Comic-based blog for Boston Red Sox fans

The Soxaholix is a comic-based blog published by pseudonymous Hart Brachen (similar to heartbroken) for Boston Red Sox fans to discuss the team and other sports-related news. Occasionally during the television season the blog also discusses the television drama Lost. The site began just prior to the 2004 baseball season. The author references many different sources of classic literature, modern literature, television shows, popular culture, and internet culture through the characters' dialogue. The setting for the comic revolves around a group of office co-workers in Boston and each daily strip focuses on the conversation of two of the characters in a back-and-forth manner similar to the comic Get your war on.

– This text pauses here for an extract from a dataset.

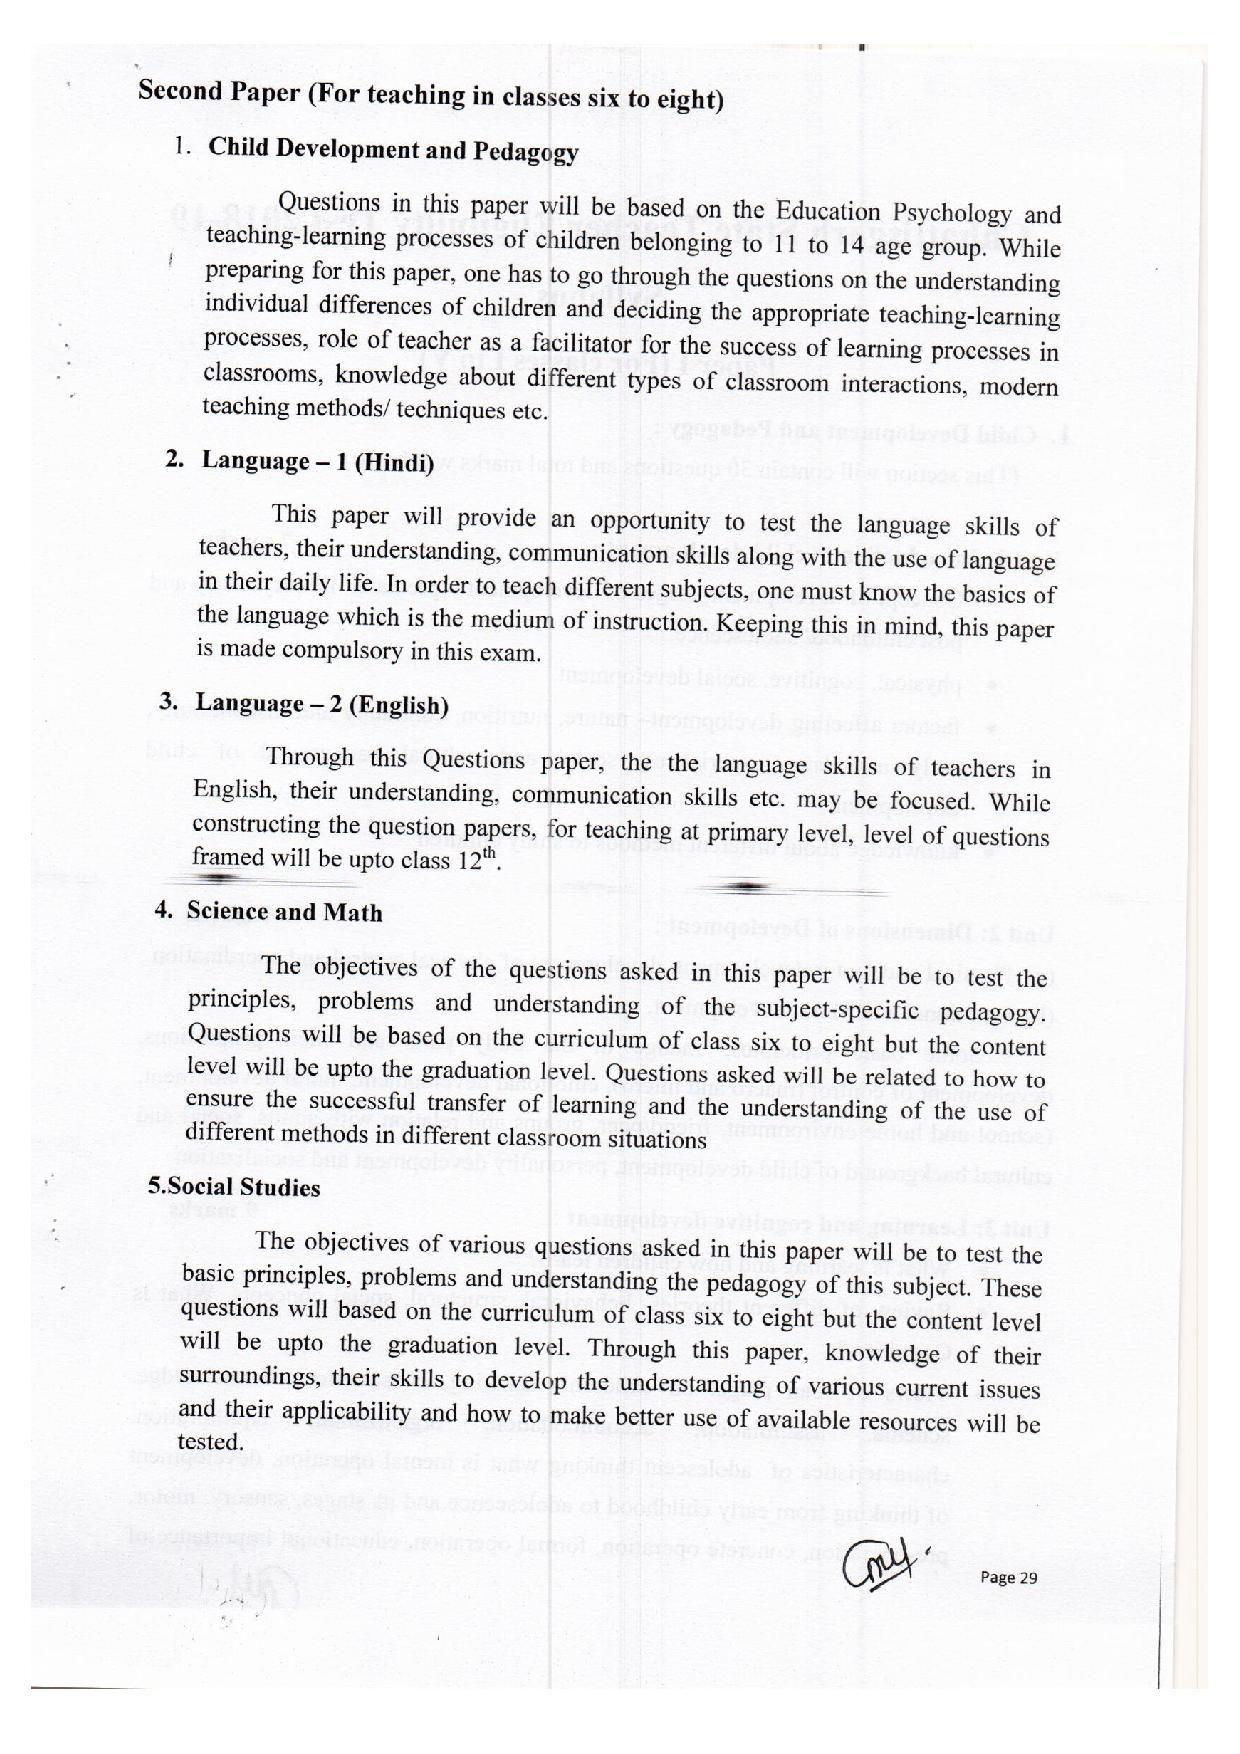 Cg TET Upper Primary Level Exam syllabus 2019

Readership averaged 1,600 visitors per day in 2005 with sometimes as many as 12,000 readers in a single day. The site has been recognized by a number of prominent online award committees and sports websites for incisive wit and mix of high-brow as well as low-brow humor, including a 2005 article in The Wall Street Journal. It was also mentioned in the March 2, 2007 All Things Considered story concerning baseball fandom on NPR.

==History==

Hart Brachen, a pseudonym to cover the author's true identity, grew up in New Hampshire and attended college in Boston. He then attended graduate school at a university in the South. Always a Red Sox fan, the author found the comic style of Get your war on appealing and chose to use the method to describe his thoughts about the Red Sox, especially given their heart-breaking end at the hands of the New York Yankees in the 2003 postseason.

One of the first entries included a discussion of blogger Ana Marie Cox and a link to her blog, Wonkette. She linked to the entry from her popular website and The Soxaholix received a large amount of attention very quickly. Readership remains high and the website garners more attention when the team is doing well, such as during and after the 2004 World Series. The author was interviewed for a Wall Street Journal article shortly after the Red Sox lost to the Chicago White Sox in the 2005 postseason. The characters are not real people. Readers comment on the strips, following the lows and highs of the season. Readers and commenters are divided between real and not real, with no clear line of demarcation.

With the sustained success of the Boston Red Sox since 2004, a strip based upon failure, sadness and schadenfreude might have been expected to wither away. Not so. Despite considering a "retirement" or hiatus from the strip after the successful 2013 season, the author continues to post pithy entries nearly every weekday. (With rare exceptions- marked by life-changing events or outrageous fortune—weekend strips are rare). During the 2013 season, in the interest of his (or her) sanity, the author also announced that henceforth there would be no strip on a Friday when the Red Sox were under .500 in wins and losses.

In November 2014, Brachen announced that he was bringing The Soxaholix to an end. Among his own comments on retiring The Soxaholix, he invited the fans to contribute ideas on how to keep the community alive since the strip concluded.

==Format==

Character Bill Callaghan (lower panel) quotes a Richard Howard poem when discussing a 2005 loss to the Yankees with Doug Roy (upper panel)

===Style===
The TypePad blog entries are written in a comic-strip style using only one or two positions for each character's appearance. The dialogue is written in plain HTML above the character's "talk bubble" instead of incorporated into the images; this allows for alternate browsing such as cell phones and RSS syndication. The strip is created in BBEdit and Fireworks MX on an Apple iMac. The original blog used clipart directly from Microsoft Office, but the current artwork is obtained from completely original sources.

==Awards and recognition==
- Blogdom's Best: Boston Red Sox - named the best Red Sox-related blog by Deadspin.
- 2005 Webby Worthy Selection - awarded to sites and teams demonstrating a standard of excellence and outstanding caliber of work.
- 2005 South by Southwest (SXSW) Festival Finalist - "Best Blog".
- 2005 Bloggie Awards Finalist - "Best Non-Weblog Content of a Weblog Site".